TAR SITO LendCo LLC (“TAR”), SITO Mobile, Ltd.’s (“SITO”)(NASDAQ:SITO) senior secured lender and a litigant (as described herein) against SITO, comments on a lawsuit (the “FAF Lawsuit”) recently filed by Fort Ashford Funds, LLC (“FAF”) against SITO in the Superior Court of California, Orange County.

As previously disclosed on November 20, 2017, TAR and SITO are currently involved in litigation pending in the New York Supreme Court with respect to various alleged defaults by SITO under loan documents between TAR and SITO, including defaults related to numerous disclosure obligations. TAR became aware of the FAF Lawsuit against SITO in the Superior Court of California, Orange County, information of which is publicly available. SITO has not made any disclosure regarding the FAF Lawsuit.

According to the allegations of the complaint in the FAF Lawsuit:

  • In July 2005, SITO’s predecessor company, Single Touch Systems Inc. (“Single Touch”), entered into an agreement with Panzarella Consulting, LLC (“Panzarella”), whereby Single Touch issued Panzarella warrants (the “Warrants”) entitling Panzarella to purchase 5 million shares of Single Touch common stock at a price of $0.50 per share. Pursuant to the agreement relating to the Warrants, such rights were non-cancellable, fully assignable and could not be terminated.
  • In 2007, Panzarella assigned, transferred, and sold the rights under the Warrants to Anthony G. Macaluso, a former executive of Single Touch. In July 2008, Single Touch was acquired by Hosting Site Network, Inc., including the obligation to honor the rights of Mr. Macaluso to tender the agreed purchase price and acquire 5 million shares pursuant to the Warrants.
  • Since that time, SITO has acknowledged in certain of its public filings and pronouncements the existence of the Warrants and the rights of Mr. Macaluso to acquire the shares thereunder. In 2017, Mr. Macaluso assigned his rights under the Warrants to acquire 5 million shares at the price of $0.50 per share (as adjusted) to FAF.
  • In November 2017, FAF tendered to SITO $2.5 million in exchange for the issuance of 5 million shares as specified in the agreement relating to the Warrants.
  • It appears that, despite being aware of the existence of the Warrants and the assignment of the rights thereunder to FAF, SITO has not issued the shares underlying the Warrants to FAF.

TAR believes that SITO has not disclosed to its investors the commencement and existence of the FAF Lawsuit. To TAR, such failure to disclose appears to be consistent with SITO’s failure to comply with its disclosure obligations under the loan documents between TAR and SITO, which are, among other things, the subject of the litigation between TAR and SITO.
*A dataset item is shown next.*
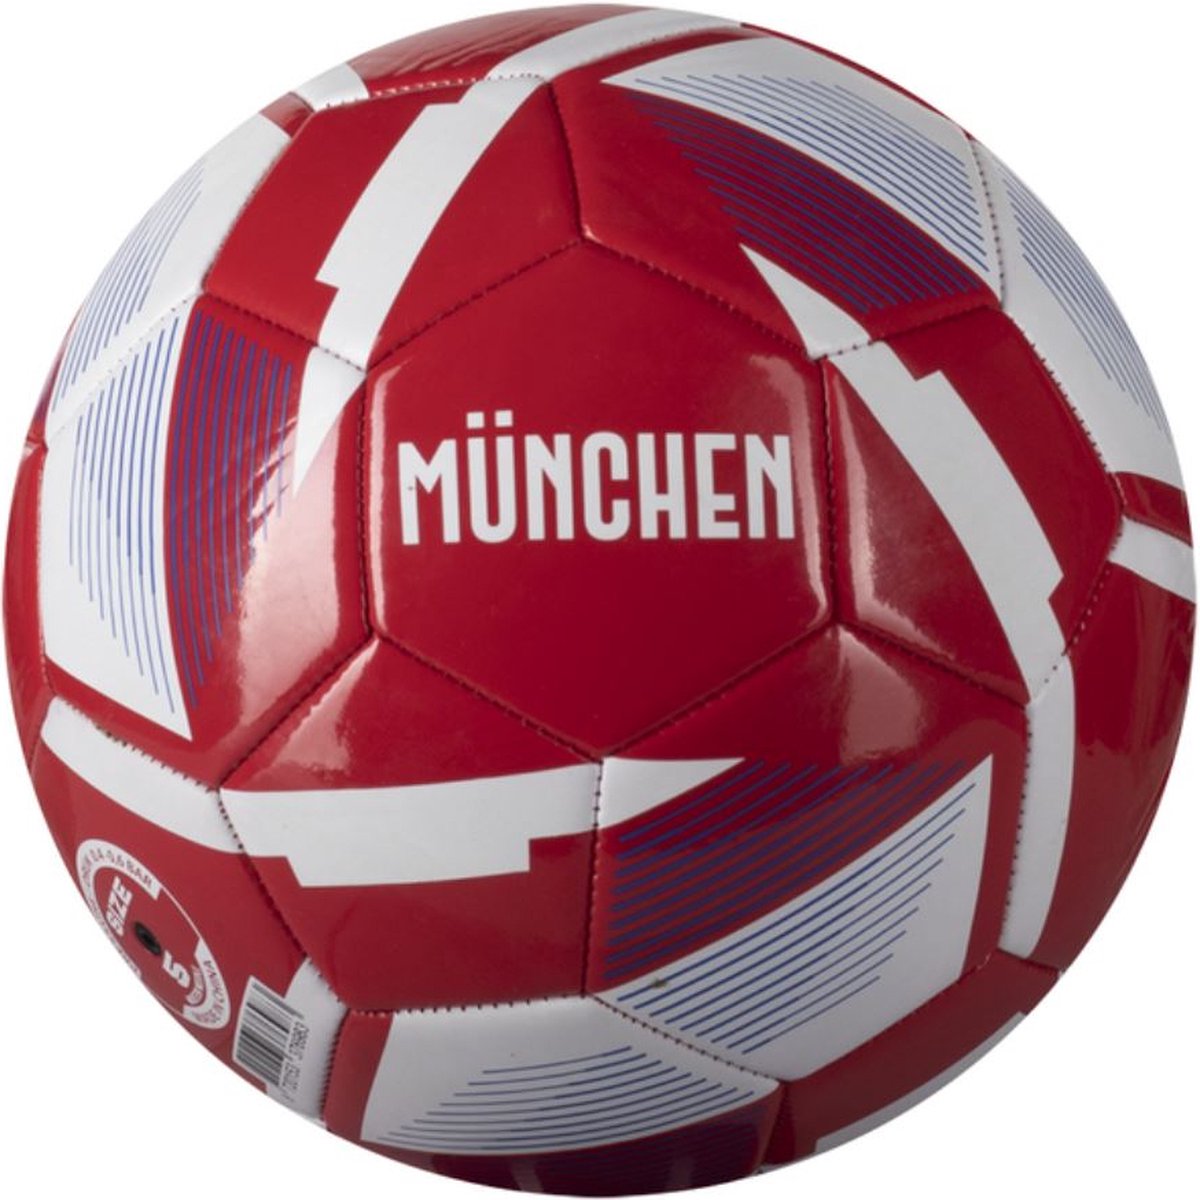 Munchen Voetbal Rood Maat 5 - bundesliga -
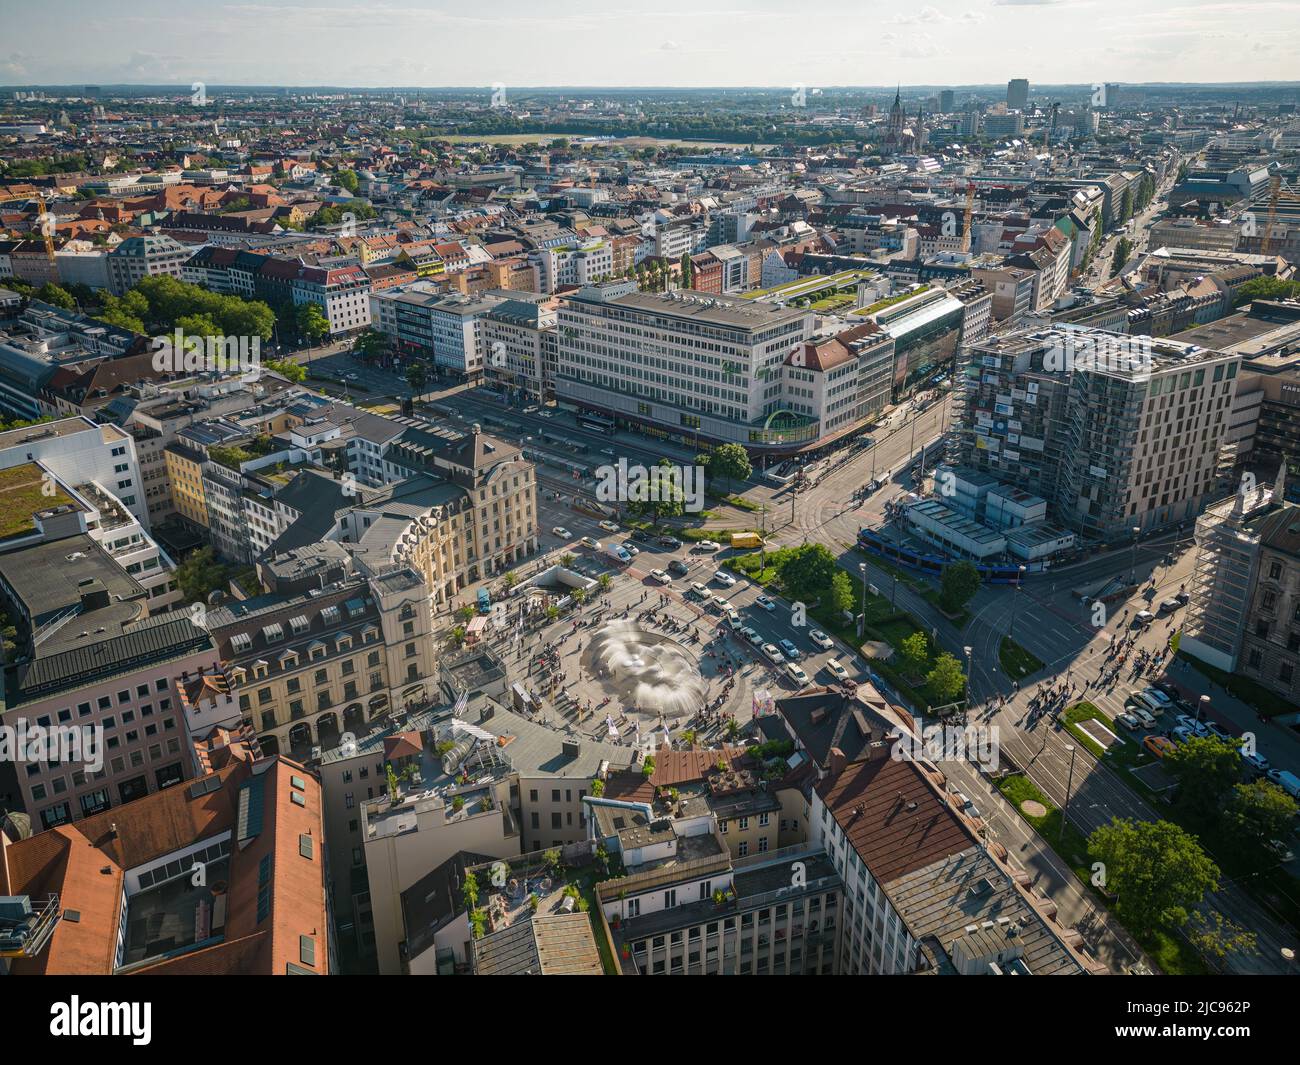 Monaco di Baviera, Germania - Giugno 10: Vista aerea della facciata dell'edificio del magazzino Galeria Kaufhof a Stachus il 10 giugno 2022 a Monaco di Baviera. Il magazzino è Foto Stock

SITO’s counsel has advised TAR that SITO believes the FAF Lawsuit is “completely frivolous” and that SITO is not required to disclose it. TAR has no view as to the merits of the allegations in the FAF Lawsuit. If such allegations are true, however, the fact that the shares subject to the Warrants have not been issued upon payment therefor would appear to raise questions about the Board’s motivation and entrenchment and would be consistent with SITO’s previous failures to disclose.

In addition to other questionable disclosure decisions by SITO’s Board, including without limitation, approving below-market equity raises and exorbitant compensation packages for management, allegedly without advising and including all Board members in such decision-making process, the decision by SITO’s Board not to report the FAF Lawsuit, arguably in violation of NASDAQ and SEC reporting requirements, appears to be yet another failure by SITO’s Board. As referenced above, TAR commenced litigation against SITO due to SITO’s default on its loan documents with TAR including:

  • Failing to comply with its obligations to use best efforts to monetize the patents that are collateral under the loan documents.
  • Failing to provide monthly (and on demand) certifications on information relating to the patent portfolio, including, among other things, the company’s efforts with respect to the monetization of such patents.
  • Failing to provide reports calculating patent monetization revenues by the 15th of every month.
  • Incurring indebtedness outside of the ordinary course of the company’s business by paying significant legal fees of a SITO stockholder.
  • Failing to provide monthly certifications regarding the company’s amount of cash and cash equivalents on hand.

It appears to TAR that SITO’s failure to disclose the FAF Lawsuit is consistent with its prior defaults under the TAR loan documents and TAR urges SITO’s Board to comply with its disclosure obligations.